Figure 5 and 7 can be created by setting “stat” and “transform” in geom_serialaxes; to Figure 6, geom_serialaxes_quantile can be added to create a serial axes quantile layer.

Some slight difference should be noticed here:

• One benefit of calling coord_serialaxes rather than geom_serialaxes_... is that coord_serialaxes can accommodate duplicated axes in mapping aesthetics (e.g. Eulerian path, Hamiltonian path, etc). However, in geom_serialaxes_..., duplicated axes will be omitted.

• Meaningful axes labels in coord_serialaxes can be created automatically, while in geom_serialaxes_..., users have to set axes labels by ggplot2::scale_x_continuous or ggplot2::scale_y_continuous manually.

• As we turn the serial axes into interactive graphics (via package loon.ggplot), serial axes lines in coord_serialaxes() could be turned as interactive but in geom_serialaxes_... all objects are static.
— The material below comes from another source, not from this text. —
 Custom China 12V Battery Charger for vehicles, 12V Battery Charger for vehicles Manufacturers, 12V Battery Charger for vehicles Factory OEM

# The serial axes is Sepal.Length, Sepal.Width, Sepal.Length
# With meaningful labels
ggplot(iris,
mapping = aes(Sepal.Length = Sepal.Length,
Sepal.Width = Sepal.Width,
Sepal.Length = Sepal.Length)) +
geom_path() +
coord_serialaxes()

# The serial axes is Sepal.Length, Sepal.Length
# No meaningful labels
ggplot(iris,
mapping = aes(Sepal.Length = Sepal.Length,
Sepal.Width = Sepal.Width,
Sepal.Length = Sepal.Length)) +
geom_serialaxes()

Also, if the dimension of data is large, typing each variate in mapping aesthetics is such a headache. Parameter axes.sequence is provided to determine the axes. For example, a serialaxes object can be created as

ggplot(iris) +
geom_path() +
coord_serialaxes(axes.sequence = colnames(iris)[-5])
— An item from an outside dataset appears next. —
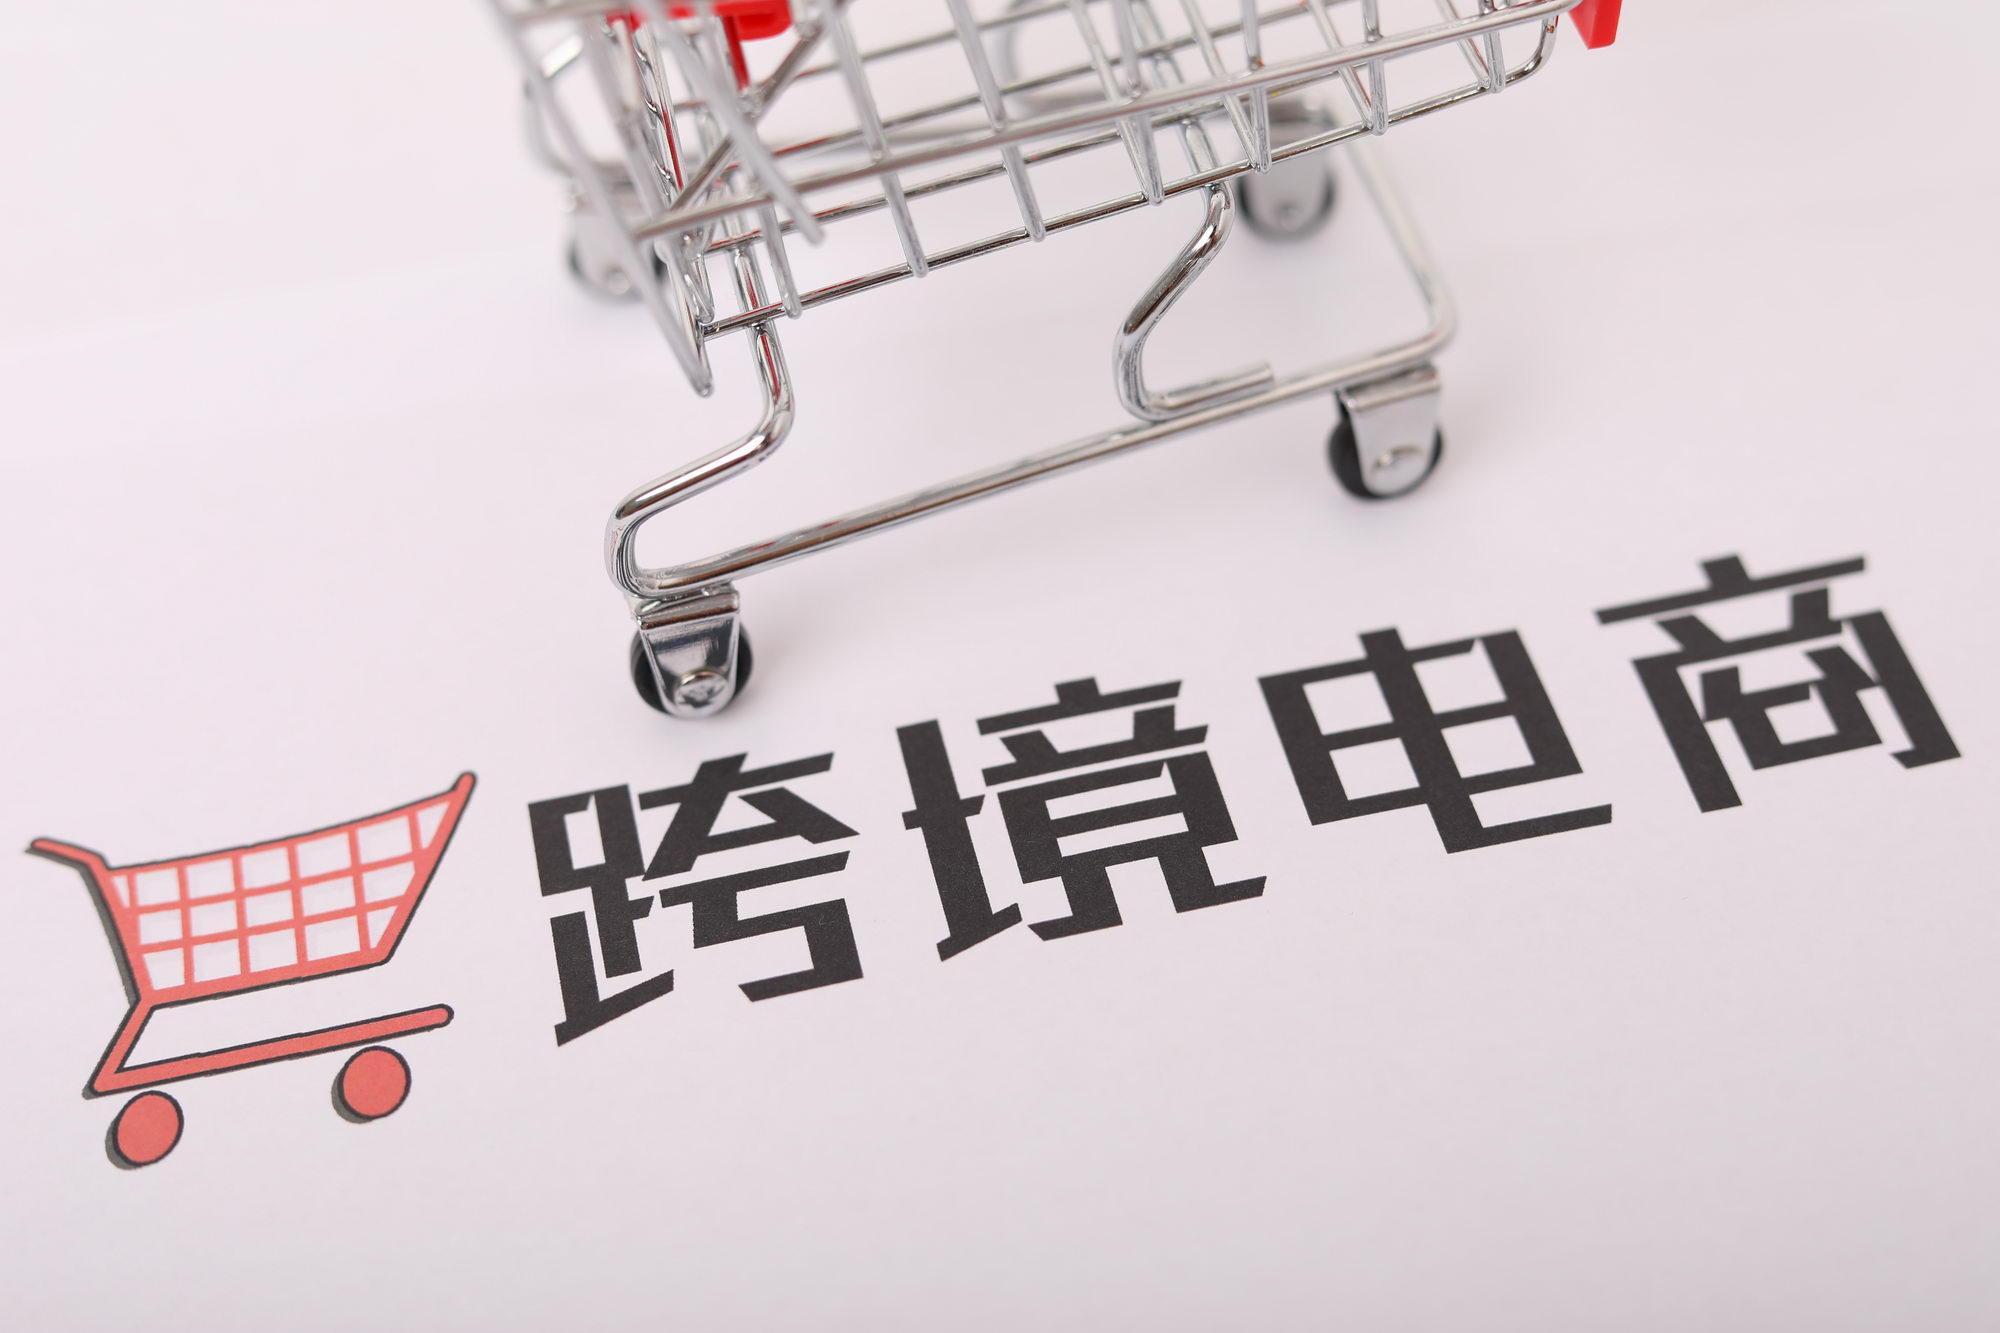 苏州中欧班列首次搭载跨境电商零售商品_跨境电商_电商报

At very end, please report bugs here. Enjoy the high dimensional visualization! “Don’t panic… Just do it in ‘serial’” .

## Reference

Andrews, David F. 1972. “Plots of High-Dimensional Data.” Biometrics, 125–0136.
Gnanadesikan, Ram. 2011. “Methods for Statistical Data Analysis of Multivariate Observations.” In, 321:207–0218. John Wiley & Sons.
Inselberg, A., and B. Dimsdale. 1990. “Parallel Coordinates: A Tool for Visualizing Multi-Dimensional Geometry.” In Proceedings of the First IEEE Conference on Visualization: Visualization ‘90, 361–0378.
Inselberg, Alfred. 1999. “Don’t Panic... Just Do It in Parallel!” Computational Statistics 14 (1): 53–077.